Atom	U11	U22	U33	U12	U13	U23
Li	0.016(2)	0.016(2)	0.010(3)	0.0082(10)	0	0
Cs	0.00892(8)	0.00892(8)	0.00975(10)	0.00446(4)	0	0
N2	0.0245(11)	0.0113(10)	0.0101(9)	0.0084(10)	0	0
N1	0.0134(7)	0.0122(7)	0.0107(7)	0.0062(6)	0.0005(5)	0.0017(5)
C	0.0089(7)	0.0086(7)	0.0128(8)	0.0050(6)	0.0006(6)	0.0033(6)

and in the supplementary materials. Additional details concerning the structure determination are available in CIF format and have been deposited under the CCDC entry number 1866007. Copies of the data can be obtained free of charge via http://www.ccdc.cam.ac.uk/conts/retrieving.html (or from the CCDC, 12 Union Road, Cambridge CB2 1EZ, UK; Fax: +44 1223 336033; E-mail: [email protected])

3.3. Infrared and Raman Spectra

For the recording of the IR spectrum, an ALPHA II FT-IR-spectrometer (Bruker Optik GmbH, Ettlingen, Germany) equipped with an ATR Platinum Diamond measuring cell was used. All measurements were performed within the range of 4000 to 400 cm⁻¹.

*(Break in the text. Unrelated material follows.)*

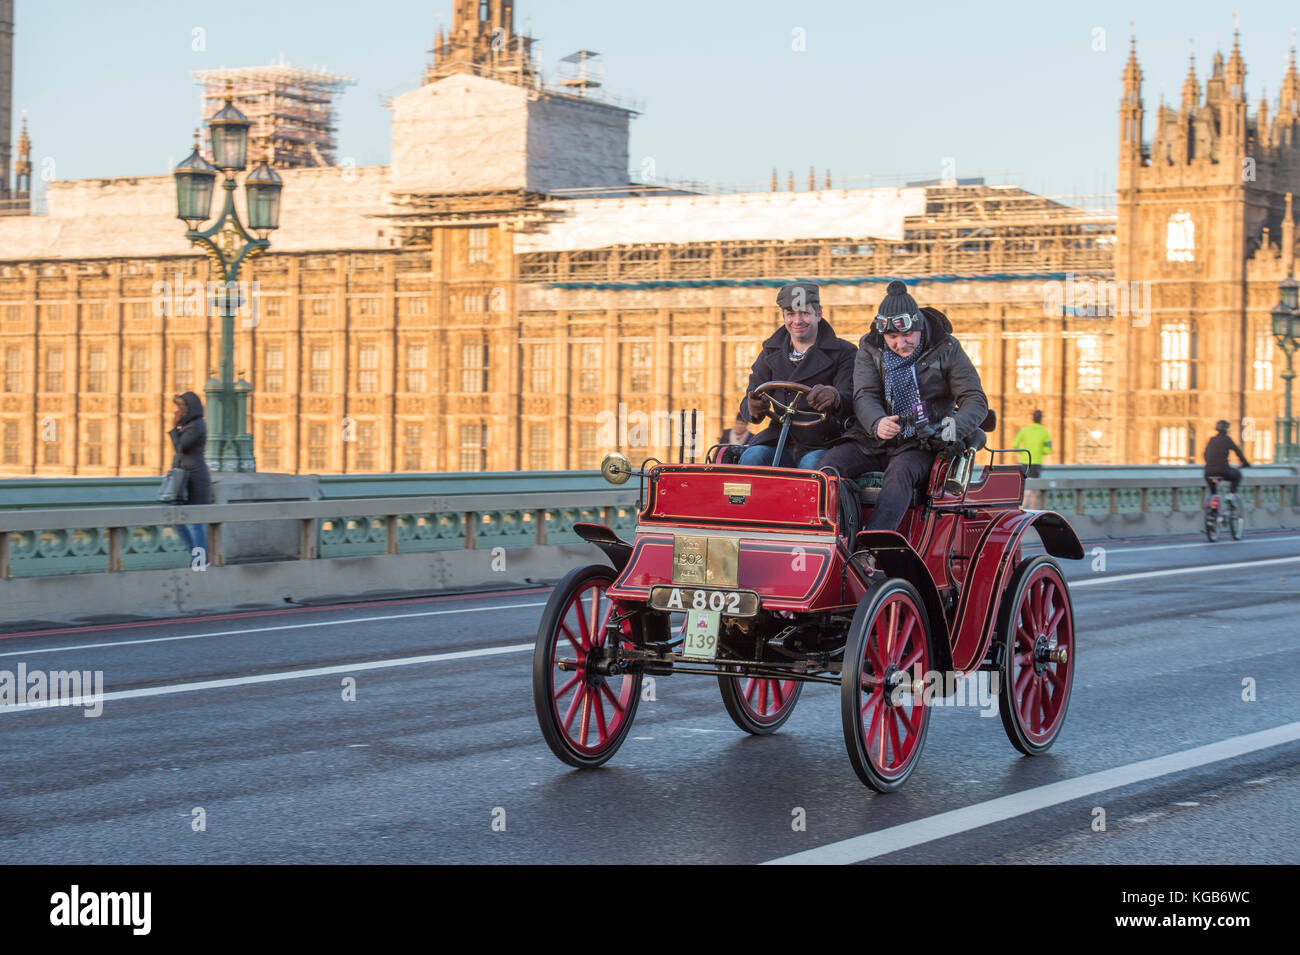 5 novembre 2017. Bonhams de Londres à Brighton, le plus long événement automobile au monde, 1902 Albion sur le pont de Westminster. Banque D'Images

Raman-spectroscopic investigations were performed on a microscope laser Raman spectrometer (Jobin Yvon, Unterhaching, Germany, 4 mW, equipped with a HeNe laser with an excitation line at λ = 632.82 nm, 50× magnification, 2 × 40 s accumulation time). The Raman spectrum was recorded on a crystal sealed in a thin-walled glass capillary.

4. Conclusion

The compound LiCs₂[dca]₃ was synthesized, its crystal structure determined, and its IR and Raman spectra were reported. The acquired data of the vibrational spectra as well as the structural results are similar to the data of the previously reported alkali metal dicyanamides NaCs₂[dca]_3, Li[dca] and Cs[dca], although the smaller Li⁺ changes the coordination of Cs⁺.